Awesome

Torch Starter

This is a simple Torch7 starter package. It can be used as a simplified kickoff point for a Torch project.

I pieced together this package largely from Torch7 resources online. I mostly just copied the code, and stripped a lot of extra functionality out, to make it easier to hack on.

If something is not clear, or could be made more simple, please let me know. The goal is to be simple.

Installation

If you are at CSAIL, you can use my Torch installation:

. /data/vision/torralba/commonsense/torch/install/bin/torch-activate
export LD_LIBRARY_PATH=/data/vision/torralba/commonsense/cudnnv5/cuda/lib64:$LD_LIBRARY_PATH

Otherwise, installation is fairly simple. You need to install:

Torch7
cunn for training on GPU
cudnn for faster training on GPU
tds for some data structures
display for graphs

You can install all of these with the commands:

# install torch first
git clone https://github.com/torch/distro.git ~/torch --recursive
cd ~/torch; bash install-deps;
./install.sh

# install libraries
luarocks install cunn
luarocks install cudnn
luarocks install tds
luarocks install https://raw.githubusercontent.com/szym/display/master/display-scm-0.rockspec

Learning Resources

Model

I trained an AlexNet-esque network on Places365 with this code, which you can download here. This model obtains 50% top-1 accuracy on the validation set. This is slightly worse than the published result because we didn't do averaging over 10 crops.

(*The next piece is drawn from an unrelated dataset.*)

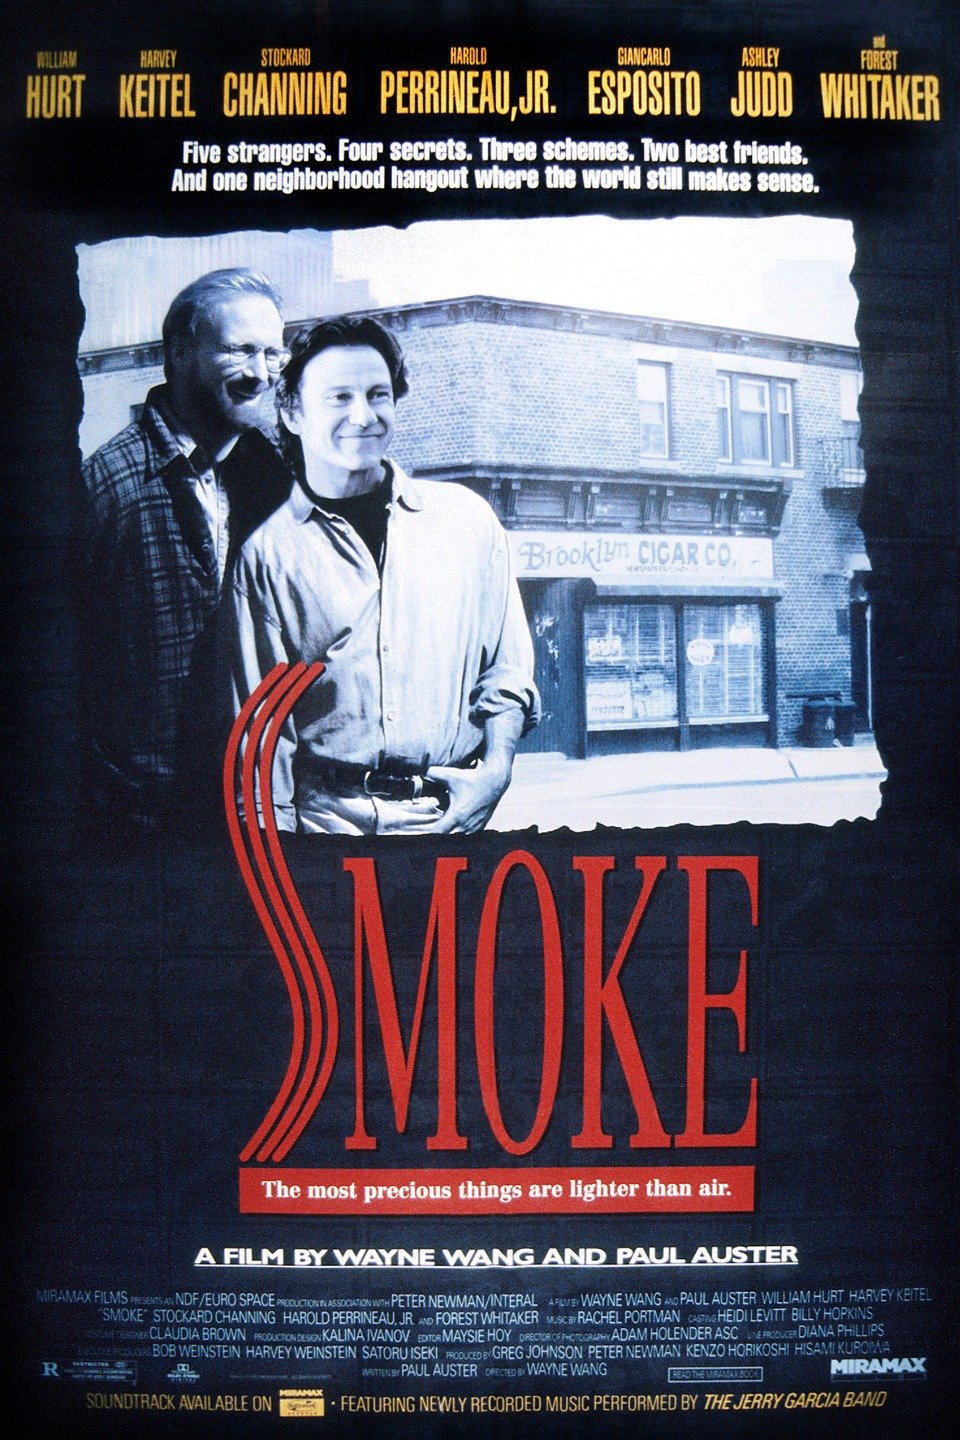 Movie poster for "Smoke"
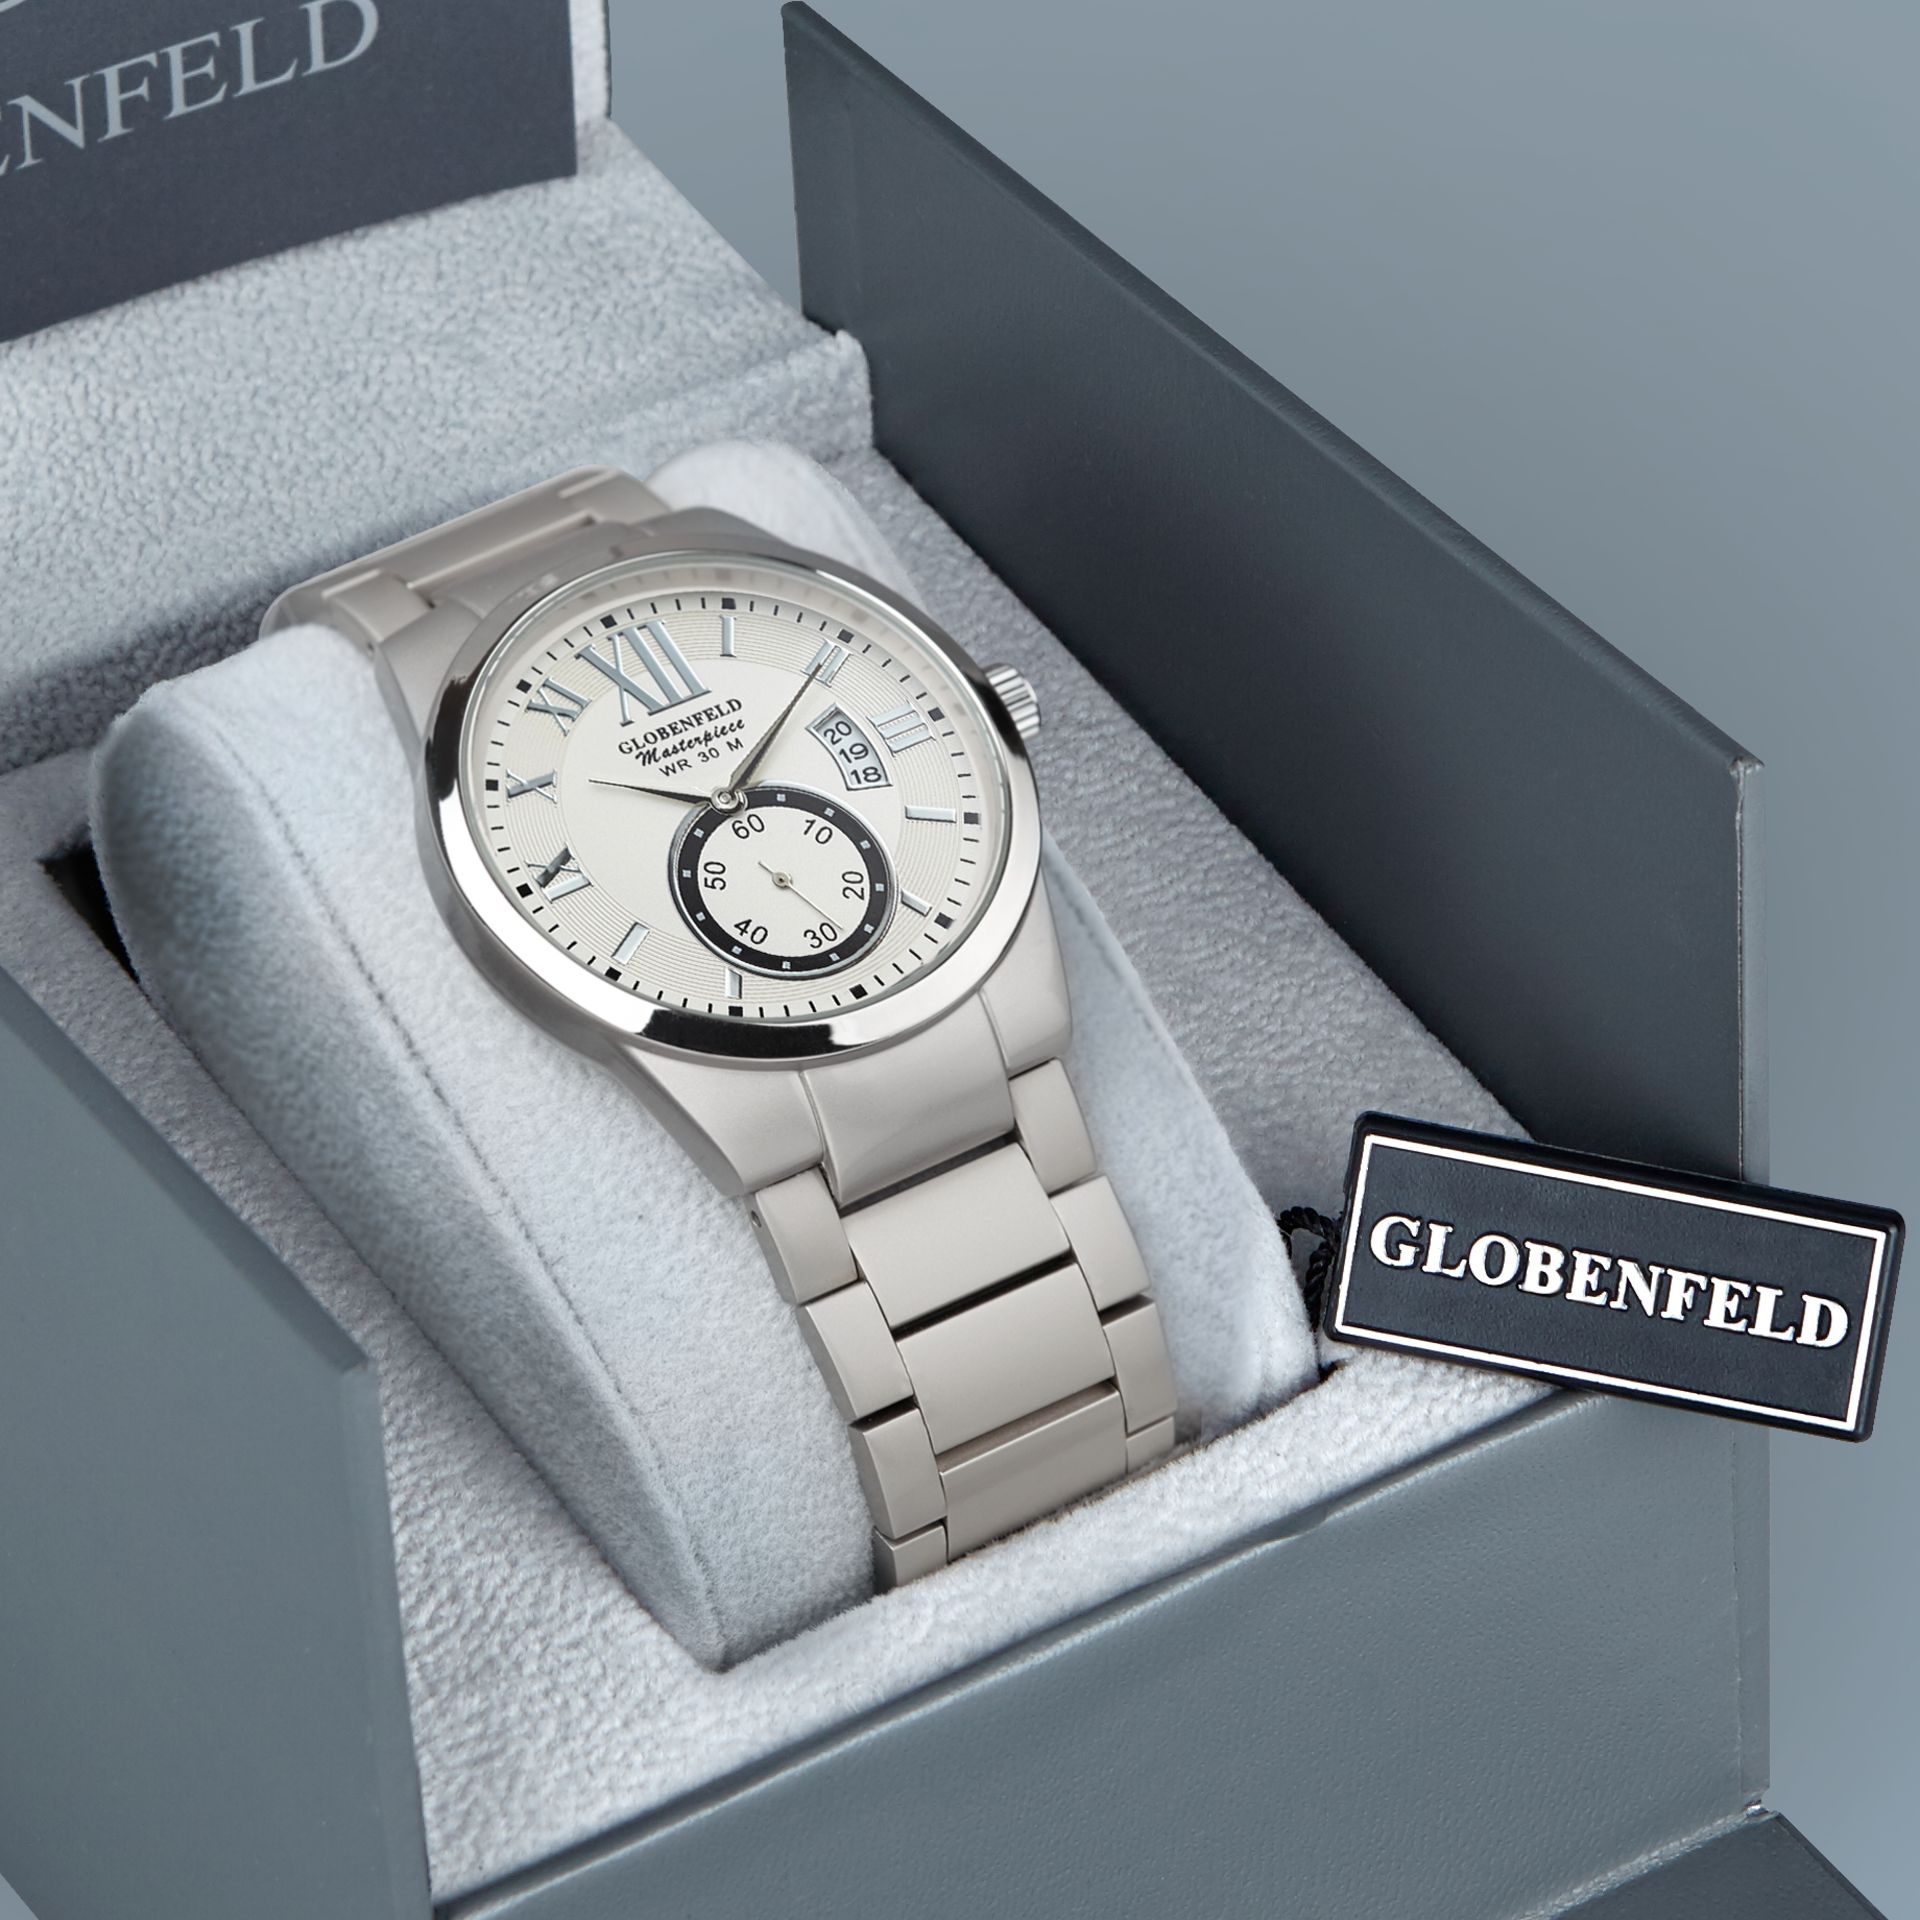 V *TRADE QTY* Brand New Gents Globenfeld White Masterpiece Watch With Box & Papers SRP Up to £440.00

If you use this model, please cite the Places2 paper (of which I am not affiliated). Note this model is slightly different from the AlexNet in Caffe. Notable differences: no groups in the convolutions, no spatial normalization, batch normalizaiton, trained with Adam instead of SGD, and sampling with replacement. It is unclear to me whether these changes have a significant impact on performance.

Data Setup

By default, we assume you have a text file that lists your dataset. This text does not store your dataset; it just lists filepaths to it, and any meta data. Each line in this text file represents one training example, and its associated category ID. The syntax of the line should be:

<filename><tab><number>

For example:

bedroom/IMG_050283.jpg    5
bedroom/IMG_237761.jpg    5
office/IMG_838222.jpg     10

The <number> should start counting at 1.

After you create this file, open main.lua and change data_list to point to this file. You can specify a data_root too, which will be prepended to each filename.

Training

Define your model in the net variable. By default, it is AlexNet. To learn more about the modules you can use, see nn. You can also adjust your loss with the criterion variable.

Remember to also adjust any options in opt, such as the learning rate and the number of classes. Setting these hyperparameters is a bit of an art, but generally it is recommended to use a learning rate of 0.001 and batch size of at least 64, but 128 or 256 may be better if you have the memory. For a systematic study, see this paper.

Finally, to start training, just do:

$ CUDA_VISIBLE_DEVICES=0 th main.lua

where you replace the number after CUDA_VISIBLE_DEVICES with the GPU you want to run on. You can find which GPU to use with $ nvidia-smi on our GPU cluster. Note: this number is 0-indexed, unlike the rest of Torch!

During training, it will dump snapshots to the checkpoints/ directory every epoch. Each time you start a new experiment, you should change the name (in opt), to avoid overwriting previous experiments. The code will not warn you about this (to keep things simple).

Evaluation

To evaluate your model, you can use the eval.lua script. It mostly follows the same format as main.lua. It reads your validation/testing dataset from a file similar to before, and sequentially runs through it, calculating both the top-1 and top-5 accuracy.

Graphics, Logs

If you want to see graphics and the loss over time, in a different shell on the same machine, run this command:

$ th -ldisplay.start 8000 0.0.0.0

then navigate to http://HOST.csail.mit.edu:8000 in your browser. Every 10th iteration it will push graphs.

On the CSAIL vision cluster, you can run this code out-of-the-box, and it will start to train AlexNet on the Places2 database.